The affirmative vote of a majority of the votes cast is required for the ratification of the passage of the advisory opinion to approve the company's executive compensation for the fiscal year ended December 31, which means, again, that the number of shares voted for Proposal 3 must exceed the number of shares voted against such proposal. The fourth and final item to be voted on by holders of our common stock is whether to approve the Third Amended and Restated Rexford Industrial Realty, L.P. 2013 Incentive Award Plan, as more fully described in the Proxy Statement, which is hereinafter referred to as the Amended and Restated Incentive Award Plan. The affirmative vote of a majority of the votes cast is required, meaning, once again, that the number of shares voted for Proposal 4 must exceed the number of shares voted against such proposal.
The polls are now open and will proceed with the vote. Stockholders who have voted by mail, proxy, telephone, or internet do not need to vote again unless they wish to change their vote. If you have not already voted or wish to change your vote, you may do so by clicking the proxy voting site link on the left side of your screen. After all ballots have been properly submitted, they will be collected and delivered to the Inspector of Election. When you have completed your online ballot, please submit it through the Equiniti system so that the Inspector of Election can receive it. I'll now pause. Equiniti, please confirm that everyone had an opportunity to cast his or her ballot.

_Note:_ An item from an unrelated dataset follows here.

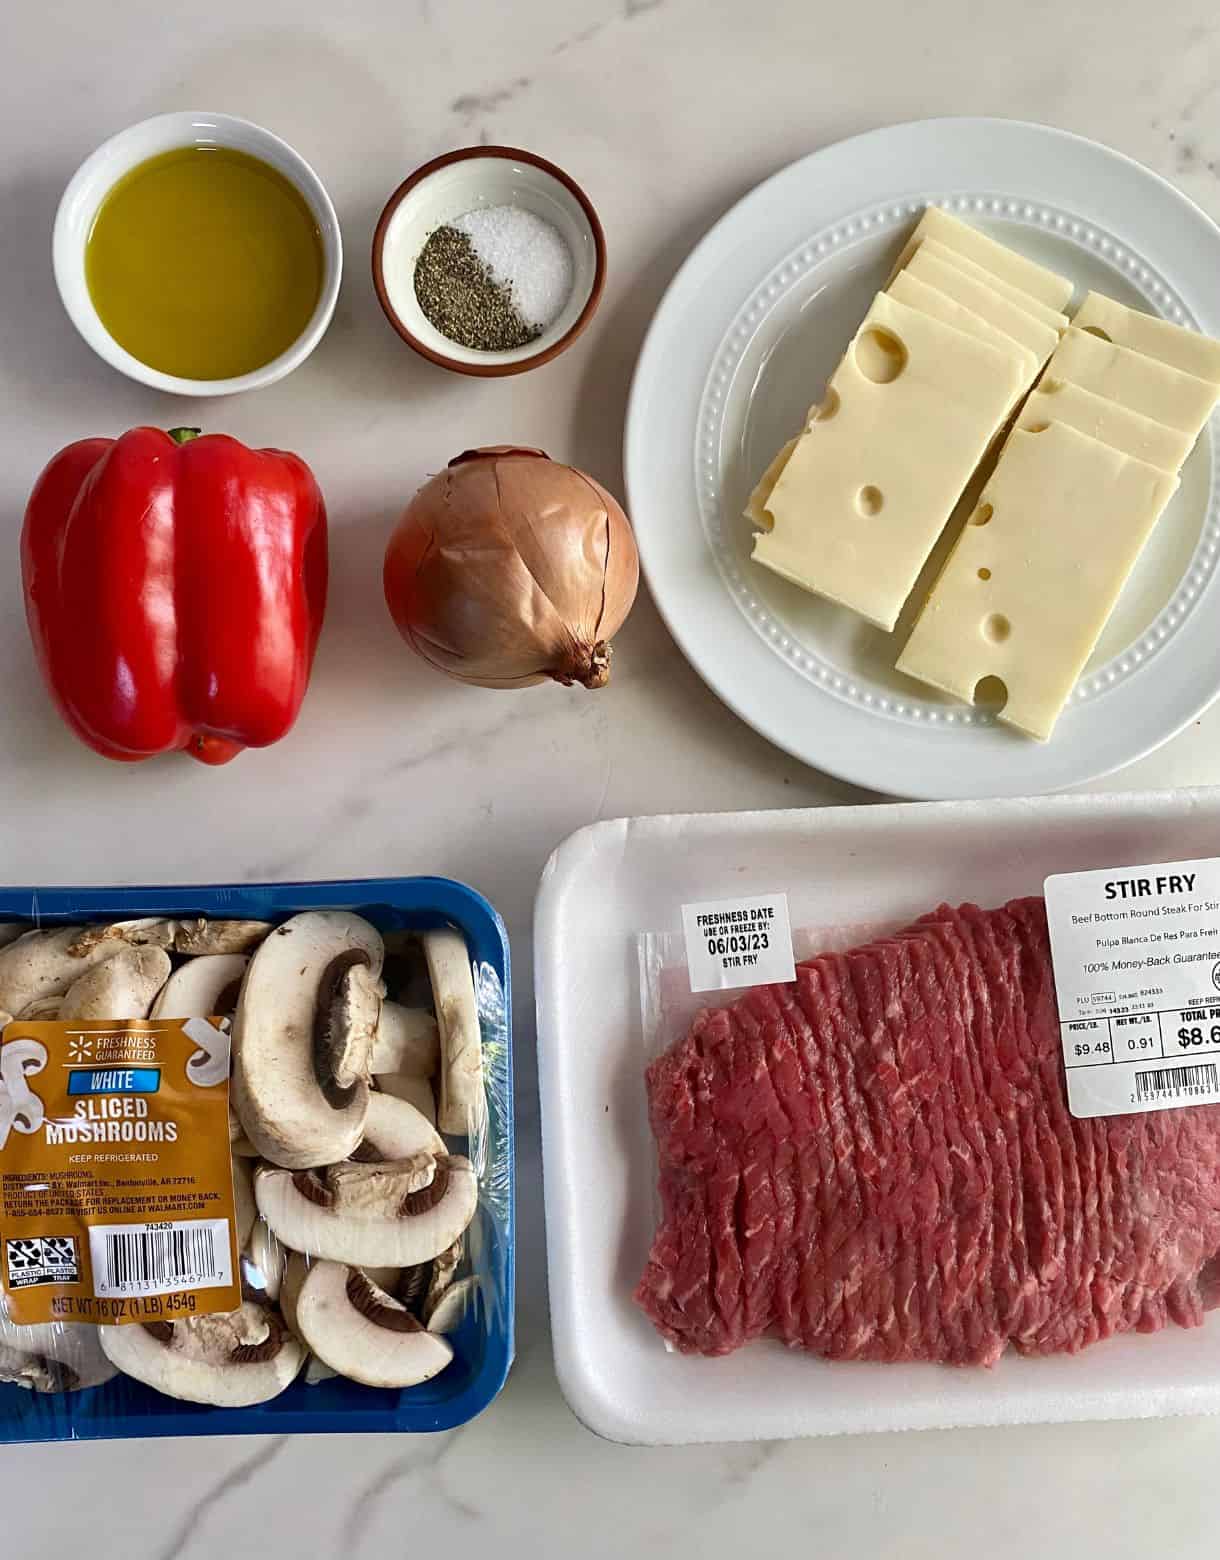 Ingredients for Sheet Pan Philly Cheesesteaks. Sliced mushrooms, sliced beef, sliced Swiss cheese, an onion, a bell pepper, olive oil, salt and pepper.

All those wishing to vote have had the opportunity to cast their ballot.
The polls are now closed. I have been advised that the Inspector of Election has completed the preliminary vote count. The Inspector of Election has informed me of the following. Each nominee for the director has received a majority of votes cast for. The proposal to ratify the election of KPMG as the company's independent registered public accounting firm has received the affirmative vote with a majority of the votes cast for. The advisory resolution to approve the company's executive compensation for the fiscal year ended December 31 has received the affirmative vote with a majority of the votes cast for. The proposal to approve the Third Amended and Restated Incentive Award Plan has received the affirmative vote of a majority of the votes cast. Based on these results, I hereby declare: 1) Each director nominee has been duly elected. 2) The selection of KPMG has been ratified.
3) The compensation of the company's named executive officers for fiscal year 2023 has been approved by the stockholders on an advisory basis. 4) The Third Amended and Restated Incentive Award Plan is adopted and now effective. This concludes the formal portion of the 2024 Annual Meeting, which is now adjourned. We will now turn to any questions that have been properly submitted in accordance with the Proxy Statement. The board and meeting secretary, David Lanzer, will identify any such questions.
I have reviewed the virtual meeting site for stockholder questions, and no questions have been submitted.
Thank you, David. That concludes the question-and-answer session, and I want to thank everyone, all of you, for attending today's meeting and for your kind interest in Rexford Industrial Realty. Thank you.